Optimizing MySQL Queries – Replace Left Joins with Union

MySQL

I'm trying to optimize a query that returns the membership of objects in two groups. Group "a" is a one-to-one link table (ie. object_id is a unique foreign key in group_a) and group "b" is one-to-many (object_id can have multiple entries in group_b). Here is a simplified version of the query:

-- show objects and their membership w/ LEFT JOIN
SELECT DISTINCT o.name,
    a.object_id IS NOT NULL as in_group_a,
    b.object_id IS NOT NULL as in_group_b
FROM object o
LEFT JOIN group_a a ON (a.object_id = o.object_id)
LEFT JOIN group_b b ON (b.object_id = o.object_id)
WHERE a.object_id IS NOT NULL
OR b.object_id IS NOT NULL;

It returns something like this:

+--------+------------+------------+
| name   | in_group_a | in_group_b |
+--------+------------+------------+
| Fred   |          1 |          0 |
| Barney |          1 |          1 |
| Betty  |          0 |          1 |
+--------+------------+------------+

Note that Barney is in both groups but only one row is returned; this is critical.
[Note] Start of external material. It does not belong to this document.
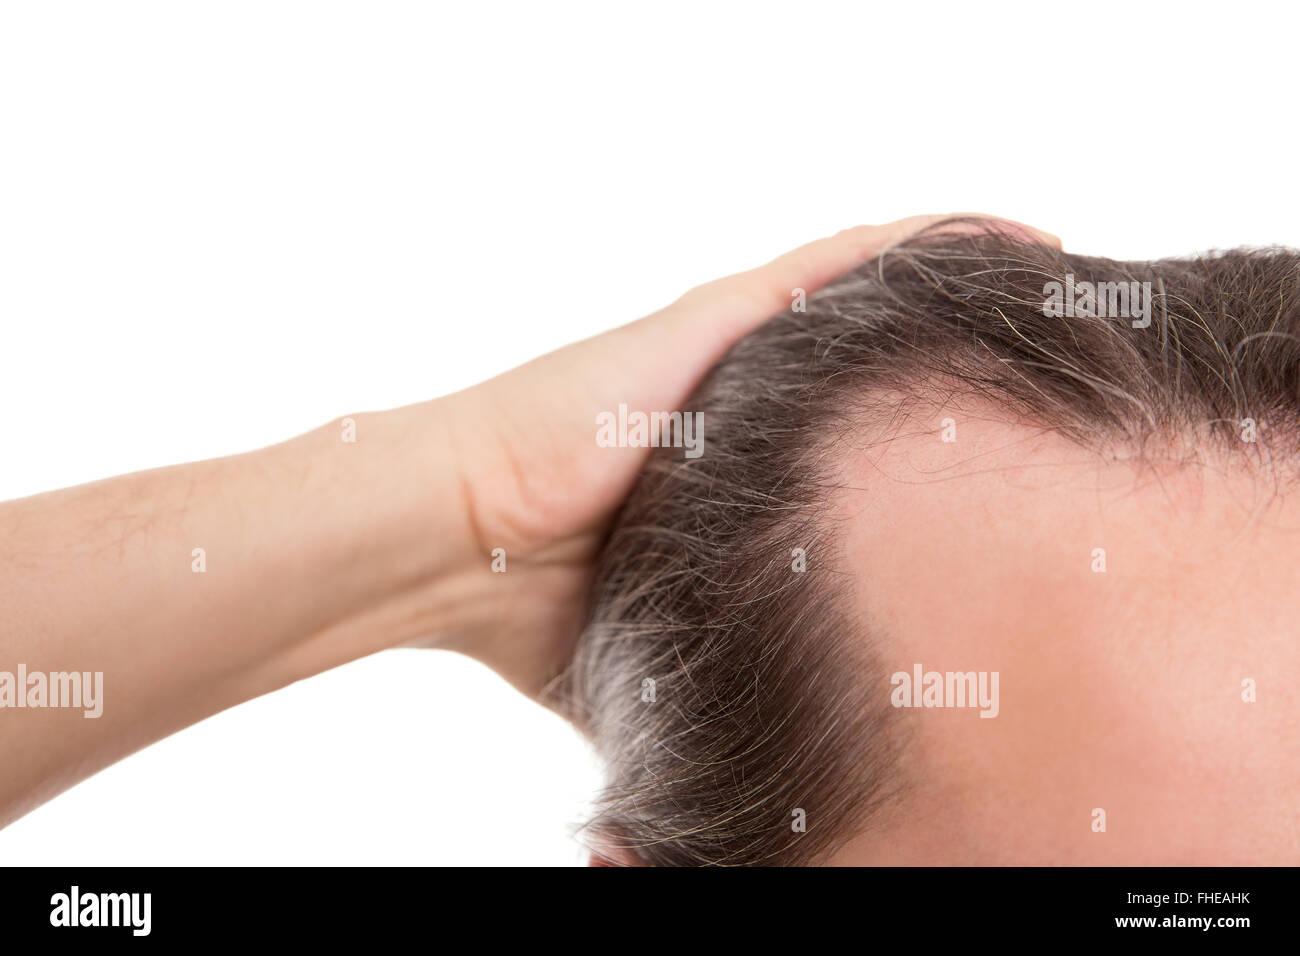 Uomo con receding hairline, closeup isolato su bianco, concetto alopecia e calvizie Immagini Stock

I tried to rewrite this query with a union:

-- show objects and their membership w/ UNION
SELECT o.name, tmp.in_group_a, tmp.in_group_b
FROM ((
    SELECT a.object_id, 1 as in_group_a, 0 as in_group_b
    FROM group_a a
) UNION (
    SELECT b.object_id, 0 as in_group_a, 1 as in_group_b
    FROM group_b b
)) tmp
INNER JOIN object o ON (tmp.object_id = o.object_id);

This query is 10 times faster but I get multiple rows for objects in both groups:

+--------+------------+------------+
| name   | in_group_a | in_group_b |
+--------+------------+------------+
| Fred   |          1 |          0 |
| Barney |          1 |          0 |
| Barney |          0 |          1 |
| Betty  |          0 |          1 |
+--------+------------+------------+

I'm guessing the original query is slow because it starts with the object table, which is large and most entries are not in either group.

Is it possible to make the union query return the results I want, and if not is there another way to optimize this query?

FYI, here are my simplified example tables and data:

CREATE TABLE object (
    object_id INTEGER UNSIGNED NOT NULL DEFAULT 0,
    name VARCHAR(64) NOT NULL,
    PRIMARY KEY (object_id)
);

CREATE TABLE group_a (
    object_id INTEGER UNSIGNED NOT NULL DEFAULT 0,
    UNIQUE KEY (object_id),
    FOREIGN KEY (object_id) REFERENCES object (object_id)
);

CREATE TABLE group_b (
    group_b_id INTEGER UNSIGNED NOT NULL DEFAULT 0,
    object_id INTEGER UNSIGNED NOT NULL DEFAULT 0,
    description VARCHAR(64) NOT NULL,
    UNIQUE KEY (group_b_id),
    KEY (object_id),
    FOREIGN KEY (object_id) REFERENCES object (object_id)
);

INSERT INTO object VALUES (1, "Fred"), (2, "Barney"), (3, "Wilma"), (4, "Betty");
INSERT INTO group_a VALUES (1), (2);
INSERT INTO group_b VALUES (1, 2, "a"), (2, 4, "a"), (3, 4, "b"), (4, 4, "c");

Thanks!

Best Answer

@Jorge Campos is correct

SELECT o.name, sum(tmp.in_group_a), sum(tmp.in_group_b)
FROM ((
   SELECT a.object_id, 1 as in_group_a, 0 as in_group_b
   FROM group_a a
   ) UNION (
   SELECT b.object_id, 0 as in_group_a, 1 as in_group_b
   FROM group_b b
   )) tmp
INNER JOIN object o ON (tmp.object_id = o.object_id)
GROUP BY o.name;